++++ STORED DATA ++++

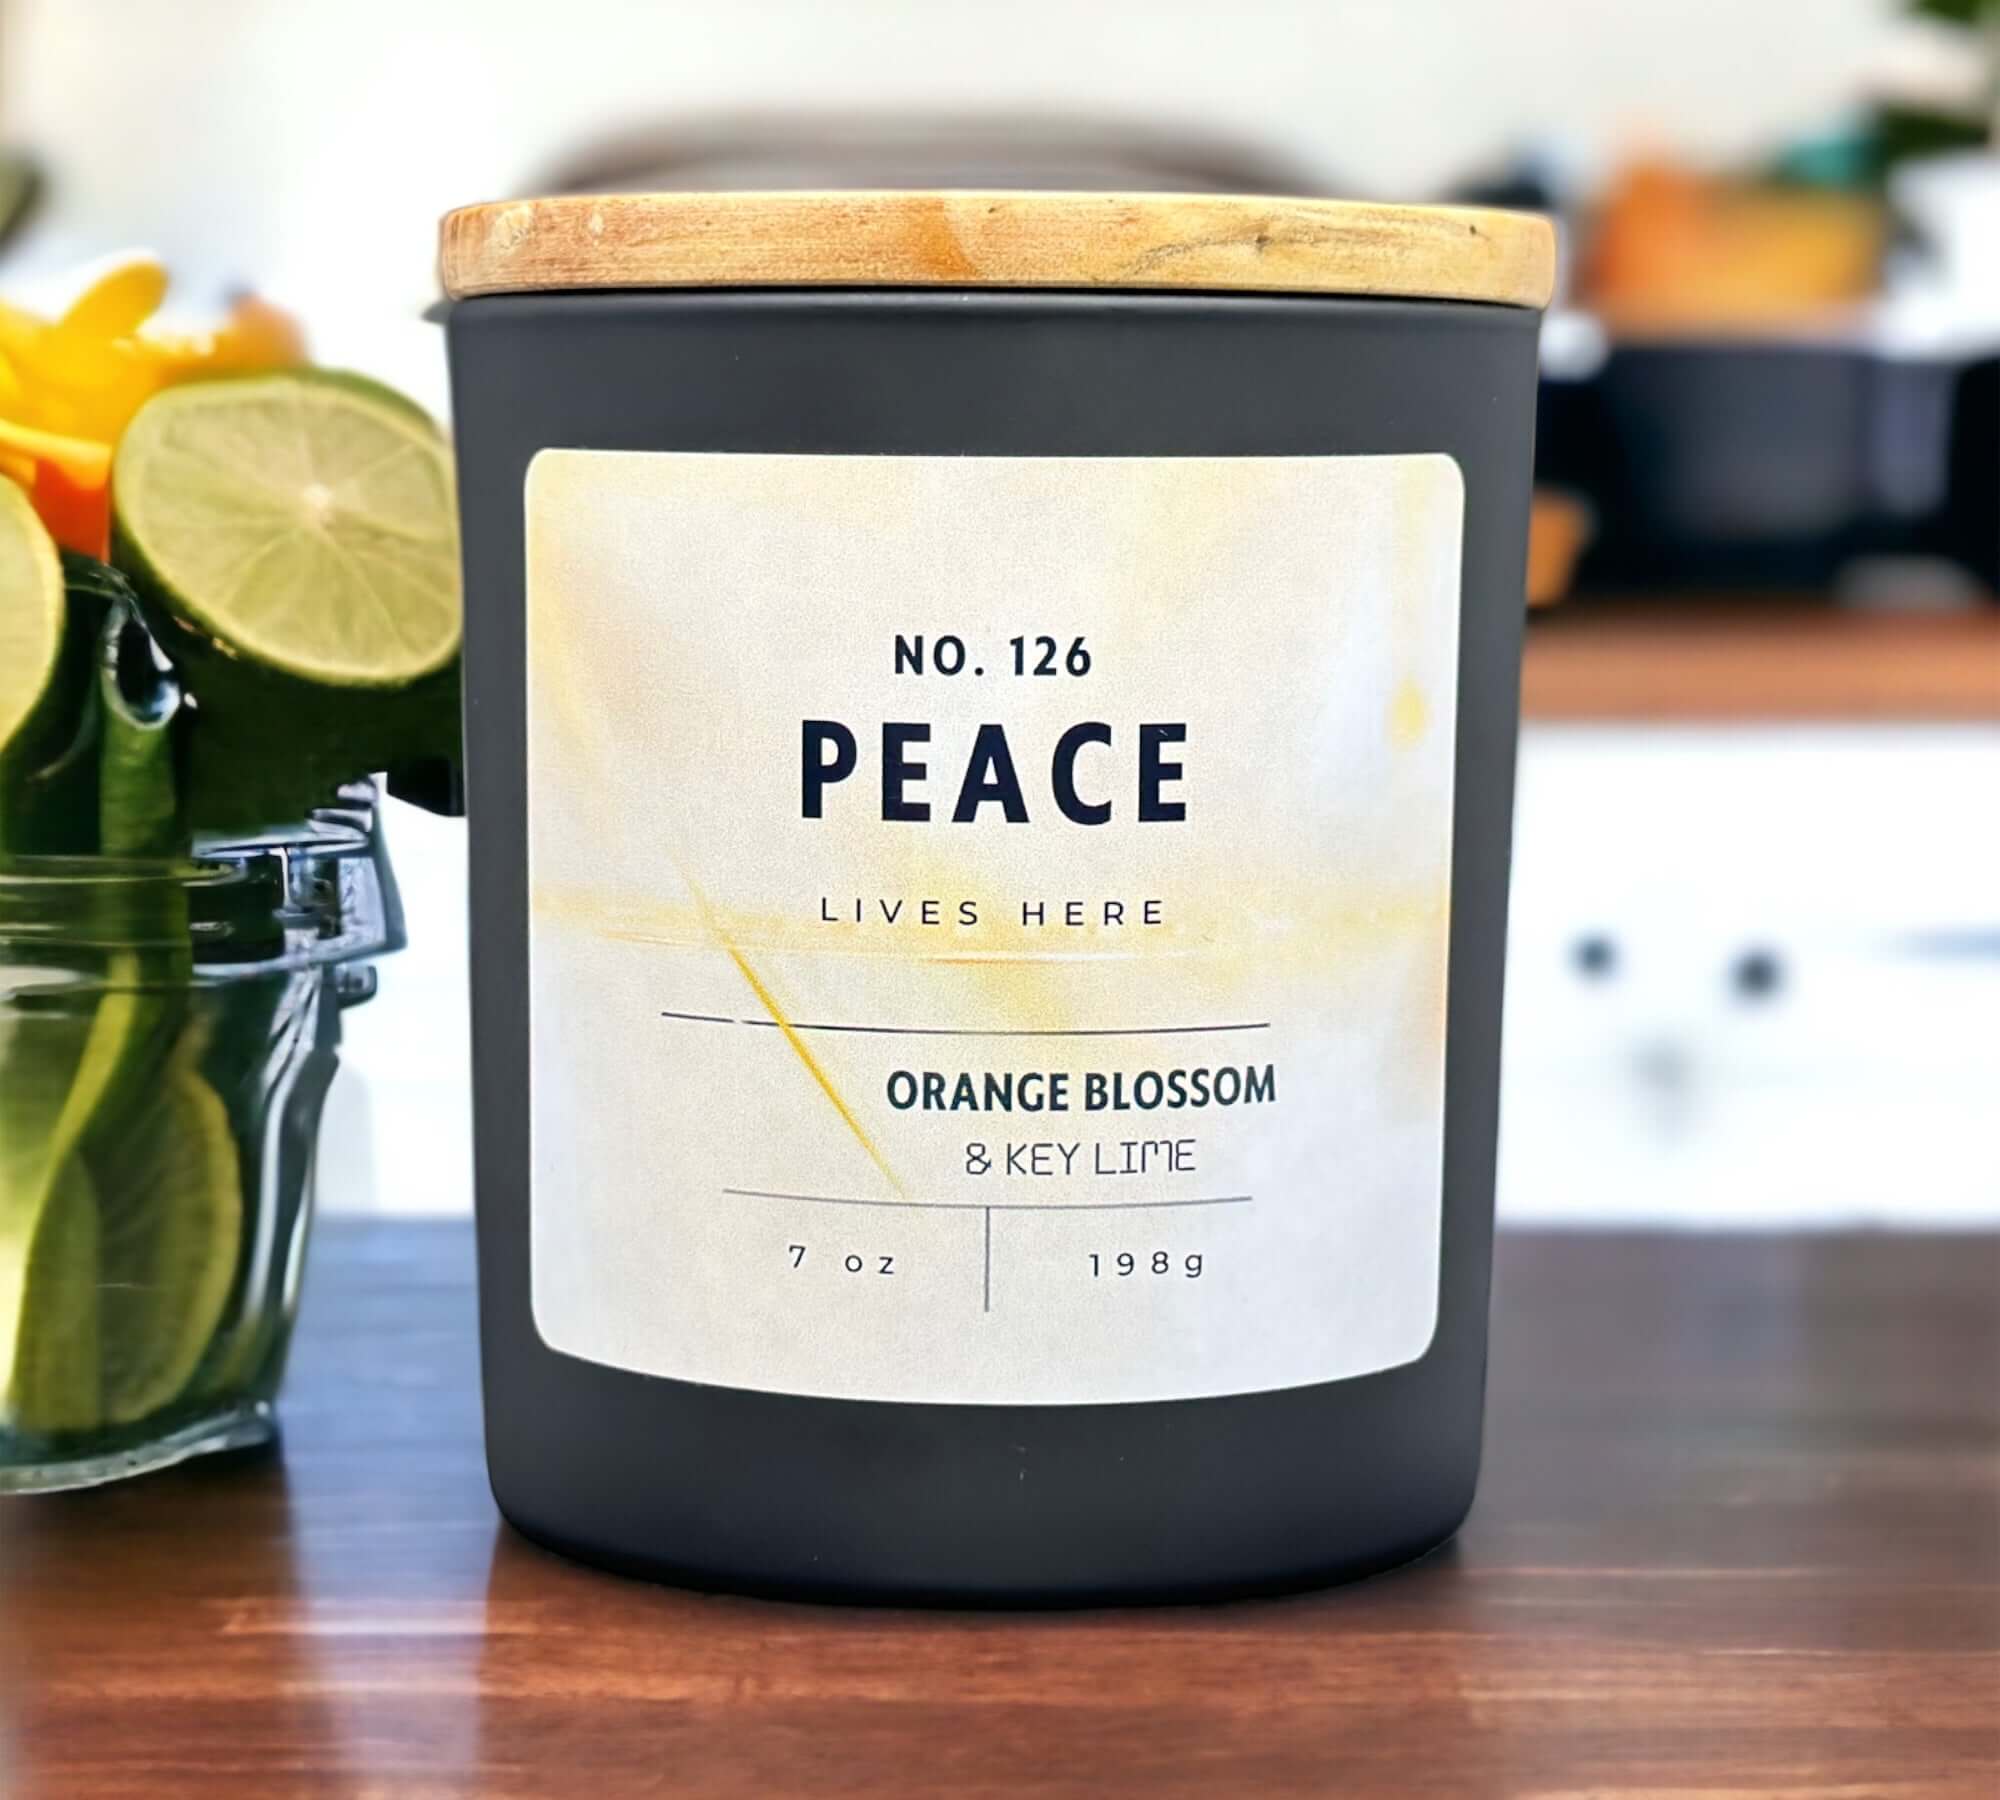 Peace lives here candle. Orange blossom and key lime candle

++++
++++ STORED DATA ++++

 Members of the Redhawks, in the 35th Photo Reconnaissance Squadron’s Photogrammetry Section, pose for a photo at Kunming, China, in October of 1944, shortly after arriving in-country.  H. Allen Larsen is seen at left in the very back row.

++++
++++ STORED DATA ++++

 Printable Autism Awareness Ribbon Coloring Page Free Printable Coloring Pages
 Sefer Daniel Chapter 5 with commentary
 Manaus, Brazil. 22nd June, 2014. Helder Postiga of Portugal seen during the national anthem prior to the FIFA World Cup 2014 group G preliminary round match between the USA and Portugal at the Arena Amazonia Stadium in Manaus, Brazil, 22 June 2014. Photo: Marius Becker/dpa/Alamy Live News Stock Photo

++++

Reproduce, exactly as they stand in the data above, the lines from the one that holds "Sefer Daniel Chapter 5 with commentary" to the one that holds "Manaus, Brazil. 22nd", inclusive.

- [SOLUTION]
 Sefer Daniel Chapter 5 with commentary
 Manaus, Brazil. 22nd June, 2014. Helder Postiga of Portugal seen during the national anthem prior to the FIFA World Cup 2014 group G preliminary round match between the USA and Portugal at the Arena Amazonia Stadium in Manaus, Brazil, 22 June 2014. Photo: Marius Becker/dpa/Alamy Live News Stock Photo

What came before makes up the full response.